## WHAT THIS TASK INVOLVES
Set out exactly, line by line, the stretch of data below that begins at the line containing "笃玛 犬早老素1(PS1) ELISA 试剂盒 产品介绍" and ends at the line containing "LEGO - 31131 | Creator: Downtown Noodle Shop", with both ends kept.

::: THE DATA :::

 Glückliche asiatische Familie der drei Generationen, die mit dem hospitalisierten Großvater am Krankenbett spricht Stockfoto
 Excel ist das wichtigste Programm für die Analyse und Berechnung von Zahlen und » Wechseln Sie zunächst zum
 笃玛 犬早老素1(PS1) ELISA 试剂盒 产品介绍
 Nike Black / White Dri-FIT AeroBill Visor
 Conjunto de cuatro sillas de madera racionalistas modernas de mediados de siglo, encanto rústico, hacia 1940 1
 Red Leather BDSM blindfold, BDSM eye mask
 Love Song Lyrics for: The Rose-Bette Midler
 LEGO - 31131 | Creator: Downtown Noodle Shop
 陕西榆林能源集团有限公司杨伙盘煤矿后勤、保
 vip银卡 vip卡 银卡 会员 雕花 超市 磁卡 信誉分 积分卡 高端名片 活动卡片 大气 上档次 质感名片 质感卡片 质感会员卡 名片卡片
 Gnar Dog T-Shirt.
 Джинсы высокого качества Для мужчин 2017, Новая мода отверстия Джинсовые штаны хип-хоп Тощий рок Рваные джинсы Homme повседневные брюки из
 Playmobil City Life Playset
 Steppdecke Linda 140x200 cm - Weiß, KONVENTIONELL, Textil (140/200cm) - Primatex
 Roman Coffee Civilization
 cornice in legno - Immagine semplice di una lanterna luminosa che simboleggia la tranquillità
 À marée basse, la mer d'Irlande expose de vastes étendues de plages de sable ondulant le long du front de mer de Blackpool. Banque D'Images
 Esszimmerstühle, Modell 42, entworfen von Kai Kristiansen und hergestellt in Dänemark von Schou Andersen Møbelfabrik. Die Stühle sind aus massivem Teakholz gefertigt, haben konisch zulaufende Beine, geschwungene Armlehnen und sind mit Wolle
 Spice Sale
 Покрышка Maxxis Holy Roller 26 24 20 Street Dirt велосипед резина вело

:::

## FINAL ANSWER
 笃玛 犬早老素1(PS1) ELISA 试剂盒 产品介绍
 Nike Black / White Dri-FIT AeroBill Visor
 Conjunto de cuatro sillas de madera racionalistas modernas de mediados de siglo, encanto rústico, hacia 1940 1
 Red Leather BDSM blindfold, BDSM eye mask
 Love Song Lyrics for: The Rose-Bette Midler
 LEGO - 31131 | Creator: Downtown Noodle Shop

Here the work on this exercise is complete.